In one controlled trial comparing Mavyret to a placebo over 12 weeks, some of these symptoms also showed up in the placebo group, though at lower rates. Headache occurred in 9% of Mavyret patients versus 6% on placebo. Nausea hit 6% on Mavyret versus 2% on placebo. Diarrhea was reported by 5% versus 2%. So while side effects are real, a portion of what people experience during treatment may come from the stress of the process itself or unrelated causes.
A Key Safety Warning: Hepatitis B Reactivation
Mavyret carries an FDA boxed warning (the most serious type) about hepatitis B reactivation. If you’ve ever been infected with hepatitis B, even in the past, successfully treating hepatitis C can sometimes cause dormant hepatitis B to flare up. In rare cases this has led to severe liver failure and death. For this reason, everyone is tested for current or past hepatitis B infection before starting Mavyret. People who carry both viruses need close monitoring during and after treatment.
Why It Works for Kidney Disease Patients
One of Mavyret’s practical advantages is that it’s safe for people with severe kidney disease, including those on dialysis. Many older hepatitis C treatments were cleared through the kidneys, which made them risky or unusable for this population. Both of Mavyret’s ingredients are primarily processed by the liver instead.
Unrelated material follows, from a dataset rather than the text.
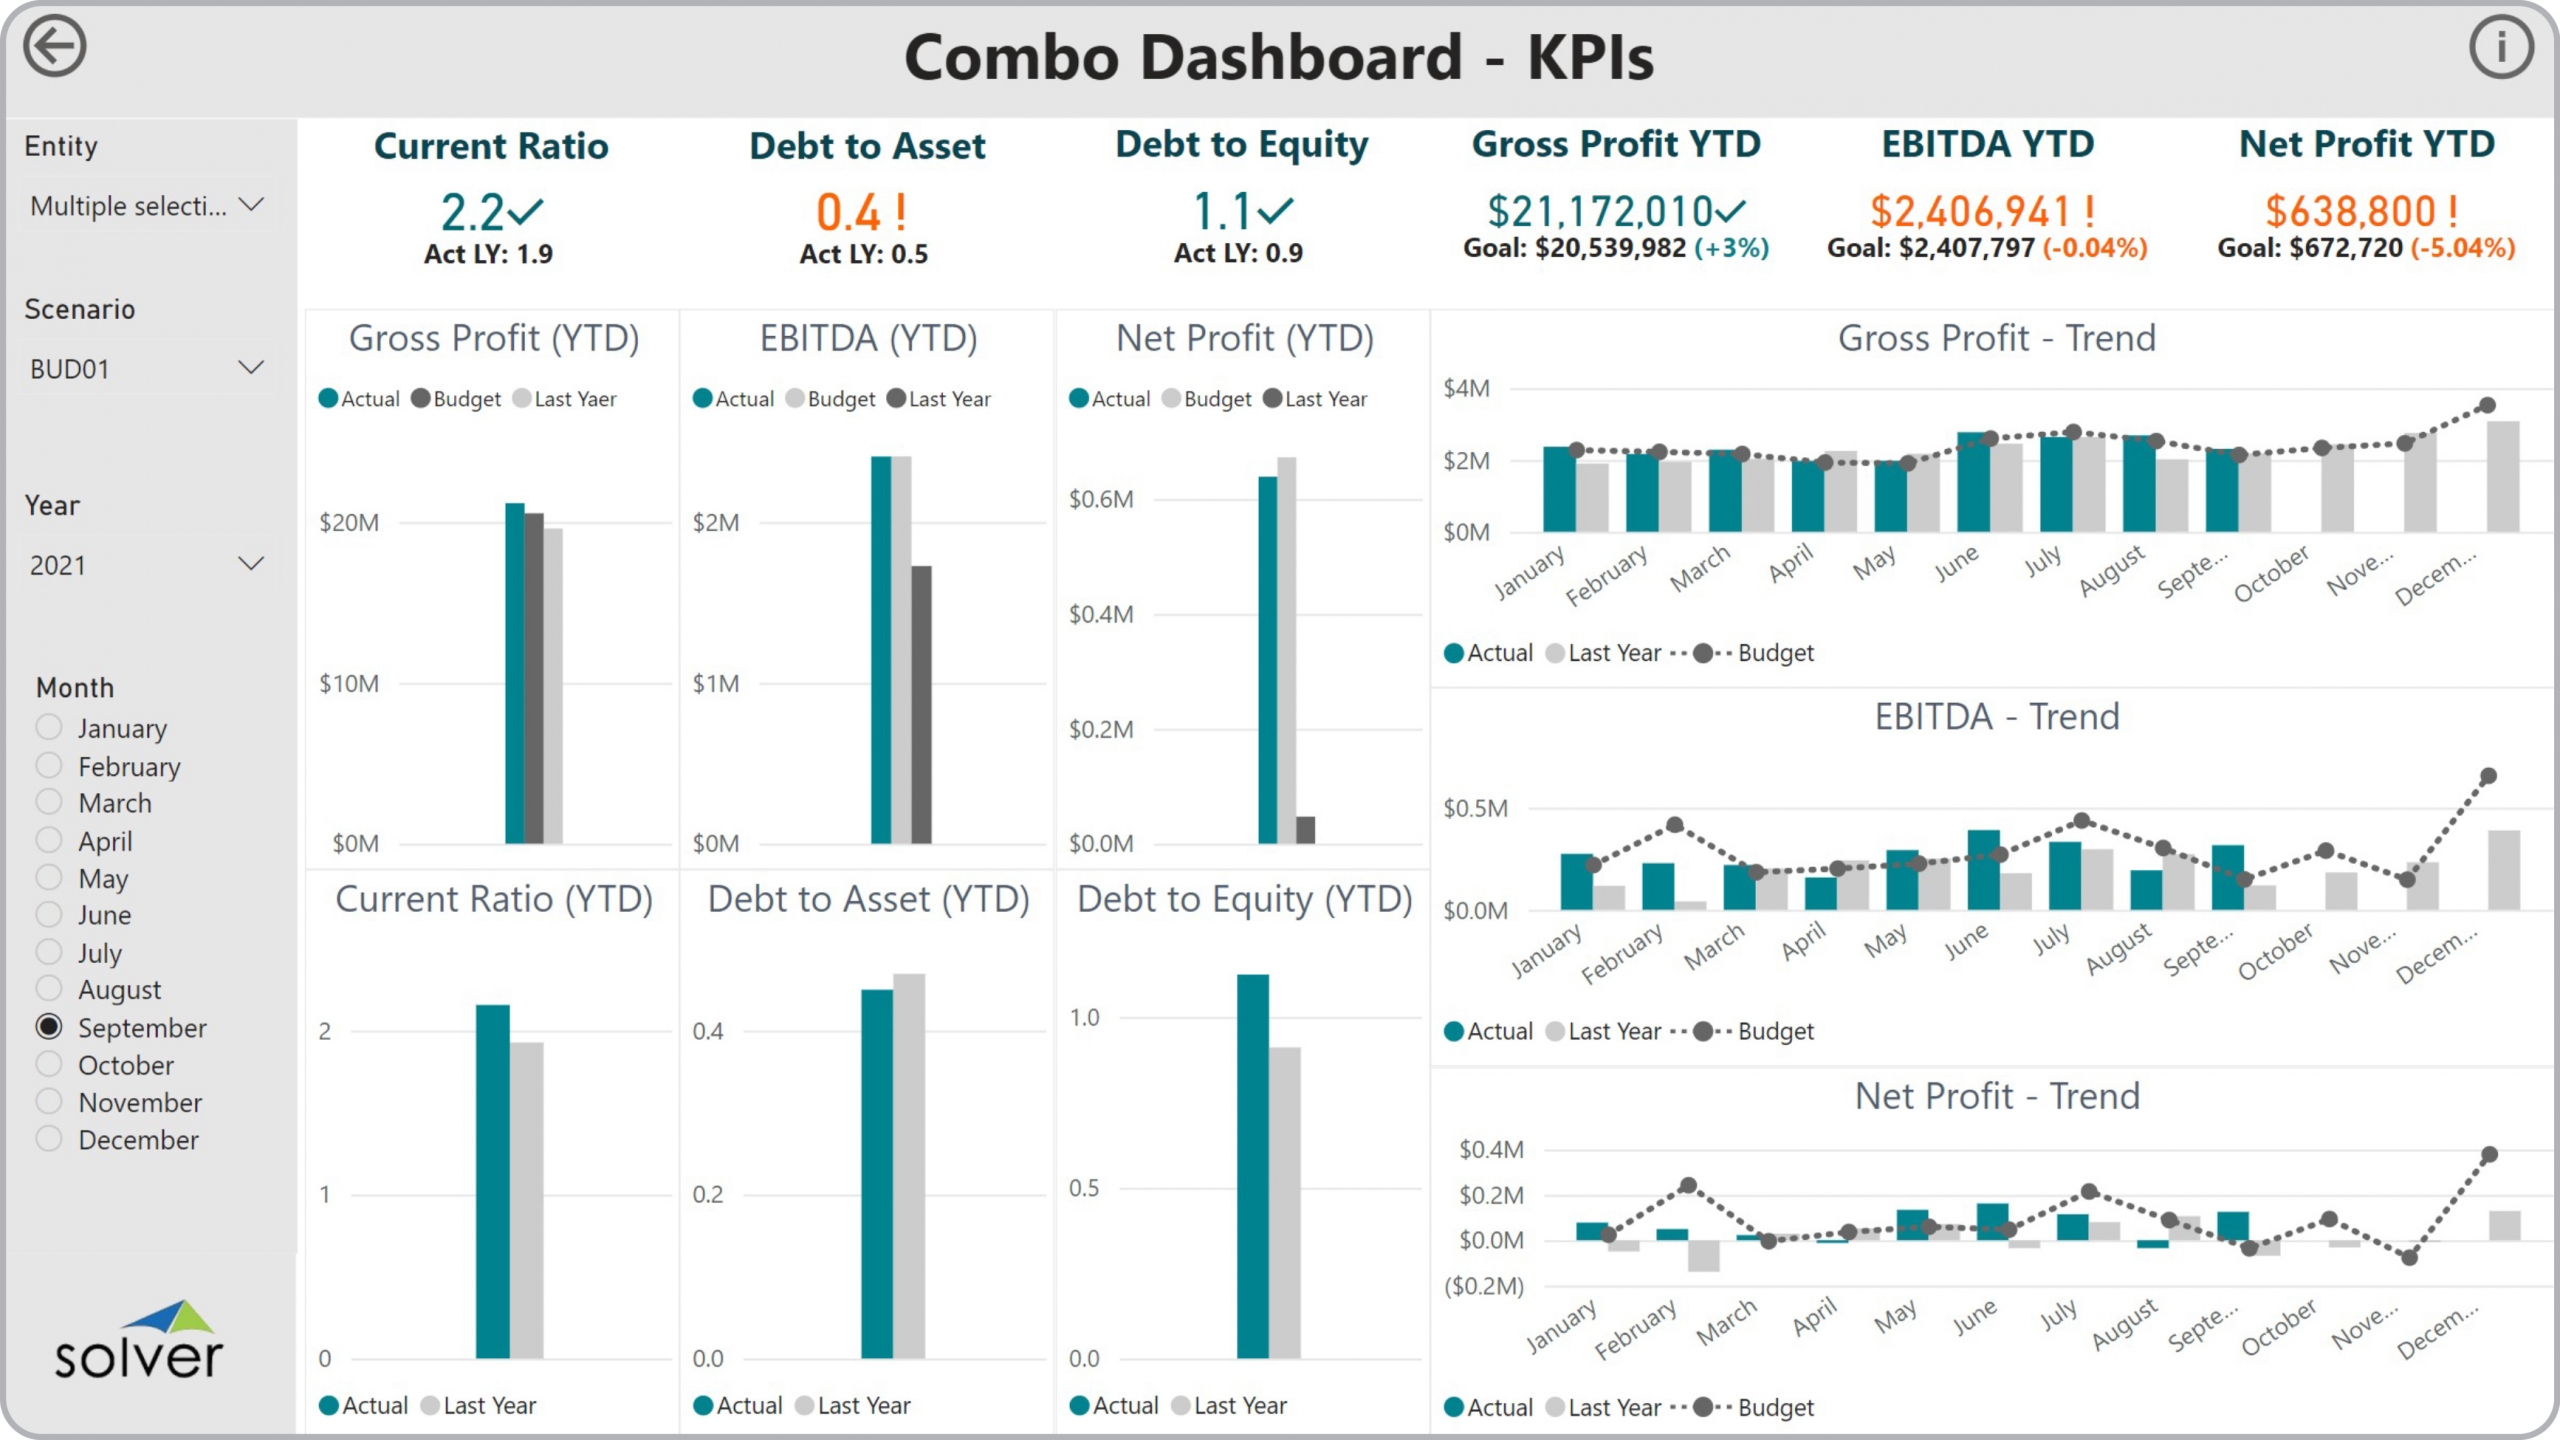 Example of a KPI Dashboard with Trends and Variances to Streamline the Monthly Reporting Process

Pharmacokinetic studies showed that while drug levels rise somewhat as kidney function declines (up to 56% higher for glecaprevir and 46% higher for pibrentasvir in the most severe cases), this didn’t translate into safety problems. Hemodialysis itself removes very little of the medication, so dosing doesn’t need to change around dialysis sessions. In the EXPEDITION-4 trial, which specifically enrolled patients with severe kidney impairment, 98% achieved a cure with no virologic failures.
Medications That Don’t Mix With Mavyret
Mavyret has two strict contraindications with other drugs. Atazanavir, an HIV medication, and rifampin, an antibiotic commonly used for tuberculosis, must not be taken alongside Mavyret. Both interfere with how Mavyret is processed in the body in ways that can either reduce its effectiveness or increase toxicity.
Mavyret is also contraindicated in people with severe liver impairment (classified as Child-Pugh C), which is the most advanced stage of chronic liver disease. For people with mild to moderate liver disease, including compensated cirrhosis, Mavyret remains an option with adjusted treatment duration. If you take any other medications regularly, your prescriber will review them for interactions before you start.